The term xuegao cike (雪糕刺客), which literally means ‘ice cream assassin,’ is being used to describe ice cream that sits quietly in the back of supermarket freezers, enticing customers with its premium packaging and exotic flavors. However, when their prices are revealed at check-out counters, they metaphorically ‘kill’ consumers’ wallets.

Recent years have seen a proliferation of new ice cream brands and flavors in China. Last summer, for instance, viral ice cream treats shaped as iconic landmarks were sold at tourist spots as a tool to promote domestic tourism.

Civil Servant Uniforms Are The New ‘It’ Look in China

In the social media era, fashion trends come and go so quickly that it’s almost impossible to keep track of them. This is especially true in China, which sees an equal mix of local subcultures, like the maximalist ‘too cool movement,’ and imported aesthetics, such as the one revolving around Y2K nostalgia.

Recent weeks have seen the rise of an unexpected fad dubbed ‘civil servant chic’ or ‘bureaucrat style’ (厅局风, tingju feng or 厅里厅气, tingli tingqi). As its monikers imply, the trend revolves around the uniforms of public officials, especially those occupying higher ranks.

Pictures attached to the social media post that sparked the ‘civil servant chic’ trend. Image via Weibo

For those keen on replicating the look, these are your new wardrobe staples: A white shirt, black fitted trousers, a navy blue jacket, black leather shoes, a black bag, and — the cherry on top of the sundae — a Chinese Communist Party badge, which should be pinned on your lapel or shirt pocket.

The fashion trend in question possibly stems from a Douyin (China’s equivalent of TikTok) post by a user who goes by the handle @思以致胜. The viral post portrays a young man in modest office attire and has gotten 295,000 likes. Its caption, presumably directed at women, reads, “Do you really have to go after brand-conscious guys?!”

Two examples of ‘civil servant chic.’ Image via Xiaohongshu

Appreciative comments under the post range from, “You might not like this kind of party cadre, but I do,” to “The problem is this type of guy doesn’t like me.”

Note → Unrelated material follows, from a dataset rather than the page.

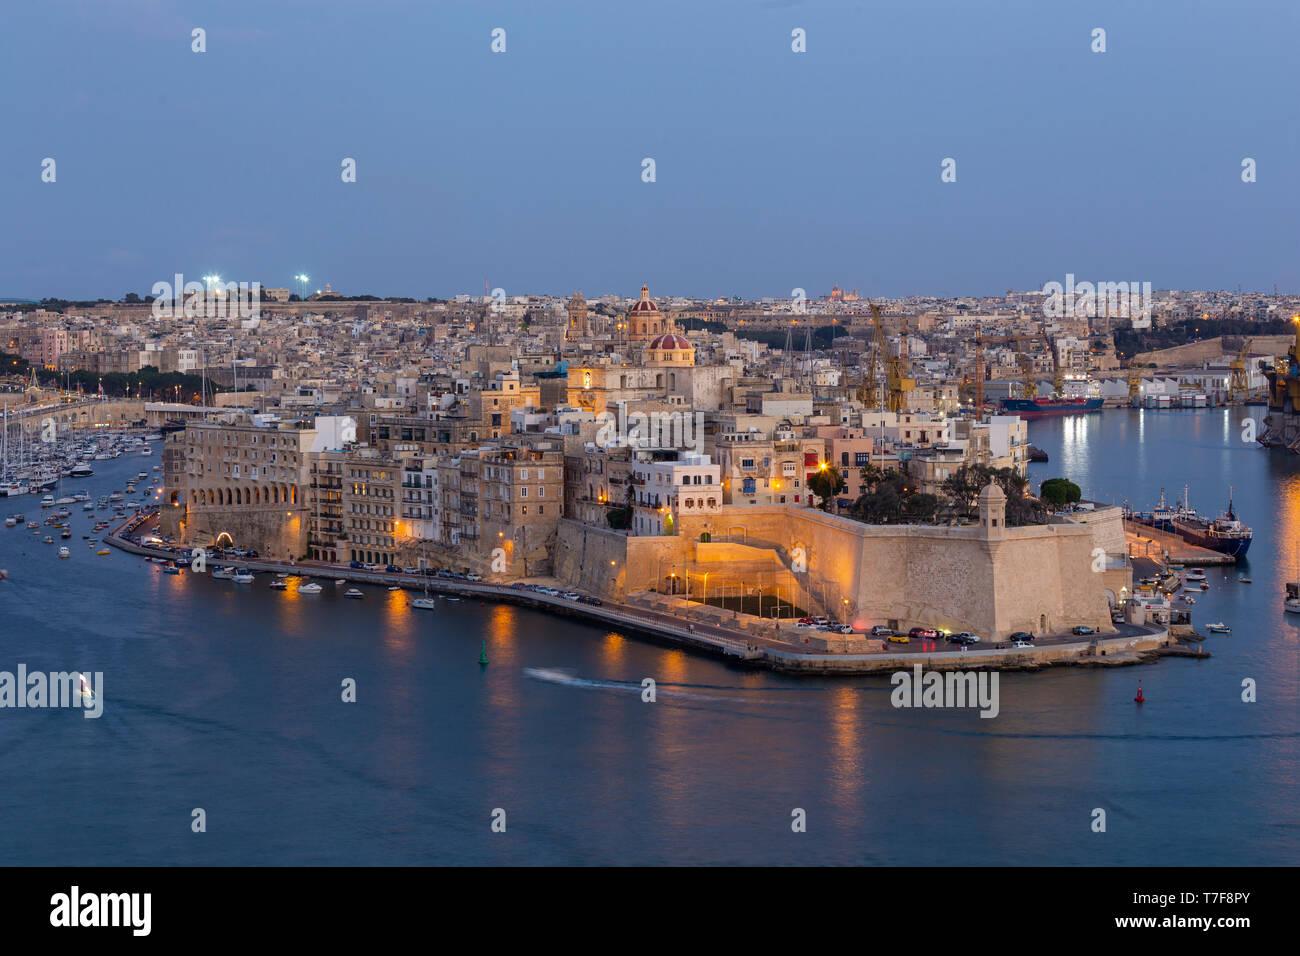 Malta, Malta, Valletta, View of Senglea from Upper Barraka Gardens - Stock Image

Since then, a hashtag for the unique fashion trend has gained more than 4.6 million views on the Chinese lifestyle platform Xiaohongshu. Netizens share pictures of their outfits and tutorials on achieving the perfect ‘civil servant look.’

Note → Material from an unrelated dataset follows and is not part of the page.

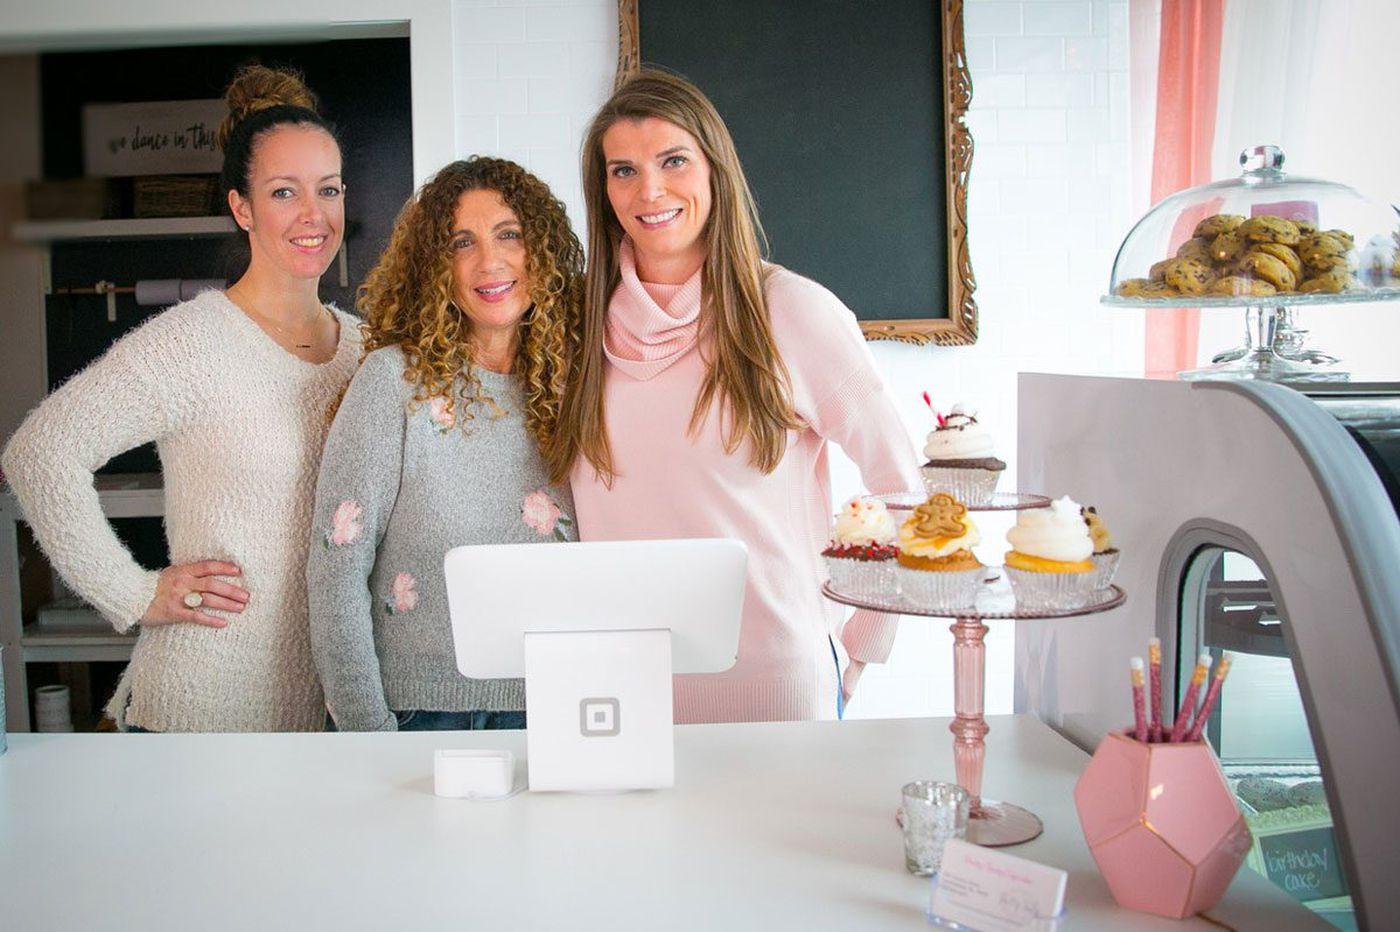 Nut-free cupcake bakery opens in Conshohocken

  • China-based coffee lovers: A new partnership between Chinese coffee chain M Stand and German sports brand Puma means you’ll get to try a seasonal drink at M Stand’s 100 stores across China.
  • On July 6, Business Insider reported that Elon Musk fathered twins with Shivon Zilis, a top executive of his company Neuralink, in November 2021. Chinese netizens, who have always been interested in anything and everything Musk-related, were quick to pick up on the latest gossip — as expected. On July 7, a related hashtag went viral on the microblogging platform Weibo and had amassed over 62 million views at the time of writing.
  • Netizens played the music video for the title song from Jay Chou’s upcoming album — ‘Greatest Works of Art’ — 5 million times in just 24 hours.